Calling `.len()` materializes the stream, counting all records. This consumes the `Flow`, so only use when needed. To safely inspect and reuse later, call `.cache()` first.

```python
flow = Flow(data).cache()
print(len(flow))  # Safe and repeatable
```

## A Helpful Summary: `repr(flow)`

Printing a Flow shows a preview with sample records and an estimated count:

```python
print(flow)
# <Penaltyblog Flow | n≈? | sample=[..., ...]>
```

If `len()` has been called (or `flow.cache()` used), the count will be included accurately.

## Materializing the Flow

## Materialize All Records: `.collect()`

The most common way to materialize your data is by calling `.collect()`, which runs the full pipeline and returns a list of dictionaries.

```python
records = events_flow.filter(...).assign(...).collect()
```

Behind the scenes, `.collect()` uses `itertools.tee()` to ensure the original `Flow` remains usable even after materialization. So you can safely call `.collect()` multiple times if needed - at the cost of some internal buffering.

This is ideal when you're ready to work with all records at once, or when handing data off to another tool (e.g., pandas).

## Insert Custom Logic Anywhere: `.pipe()`

Use `.pipe()` to insert your own logic into a `Flow` chain - this is perfect for custom filtering, integration with other libraries, or building reusable transformations.

```python
def process_shots(flow, min_xg=0.25):
    return (
        flow
        .filter(lambda r: r.get("type_name") == "Shot" and r.get("shot_xg", 0) >= min_xg)
        .assign(is_high_xg=True)
    )

# Chain your custom step using .pipe
high_xg = Flow(events).pipe(process_shots, min_xg=0.3)
results = high_xg.select("player_name", "shot_xg", "is_high_xg").collect()
```

`.pipe()` is chainable - your function should return a `Flow` if you want to keep chaining.

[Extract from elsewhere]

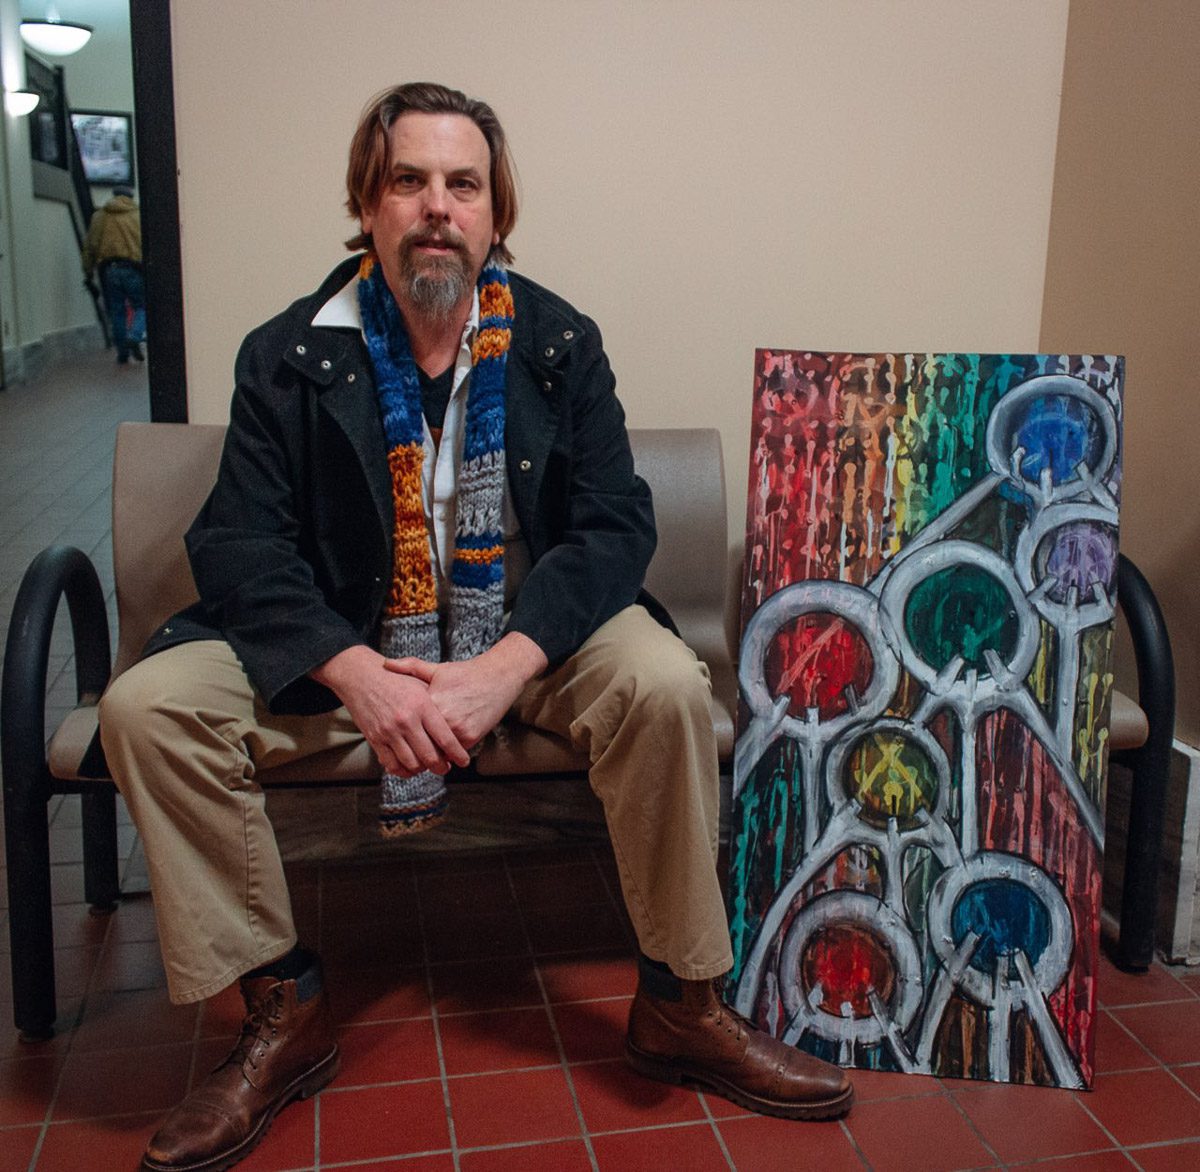 Photo of Walter Ricci-Wadas with his painting "We Are One" at Union Station in Utica, NY. Photo by Alexander Ackerman.

But it can also return any result (like a DataFrame, plot, or summary) as a final output.

## Using `.pipe()` for External Libraries (e.g. pandas)

You can use `.pipe()` to bridge Flow with pandas or other tools:

```python
def team_summary(flow):
    df = flow.to_pandas()
    return df.groupby("team_name")["shot_xg"].agg(["sum", "mean", "count"])

summary_df = (
    Flow(events)
    .filter(lambda r: r.get("type_name") == "Shot")
    .pipe(team_summary)
)
```

This pattern keeps your pipeline modular and composable.

## Interoperability with pandas

Flow integrates cleanly with pandas - great for advanced analysis, plotting, or export.

`.to_pandas()`: Convert to a DataFrame

Use `.to_pandas()` to convert a `Flow` into a `pandas.DataFrame`. This materializes the full stream.

```python
df = Flow(events).filter(lambda r: r.get("period") == 1).to_pandas()
print(df.head())
```

## Quick Summary Stats: `.describe()`

This method materializes the data into a DataFrame and returns the result of `DataFrame.describe()`.

```python
Flow(events)
  .select("shot_xg", "location_x", "location_y")
  .describe()
```

You can customize the output by passing pandas-style arguments:

```python
# Show object/string field summaries
Flow(events).describe(include="object")

# Change percentiles
Flow(events).describe(percentiles=(0.1, 0.5, 0.9))
```

These utilities make it easy to blend the simplicity of `Flow` with the power of pandas, and to inspect or export your data as needed - without losing the benefits of lazy, composable pipelines.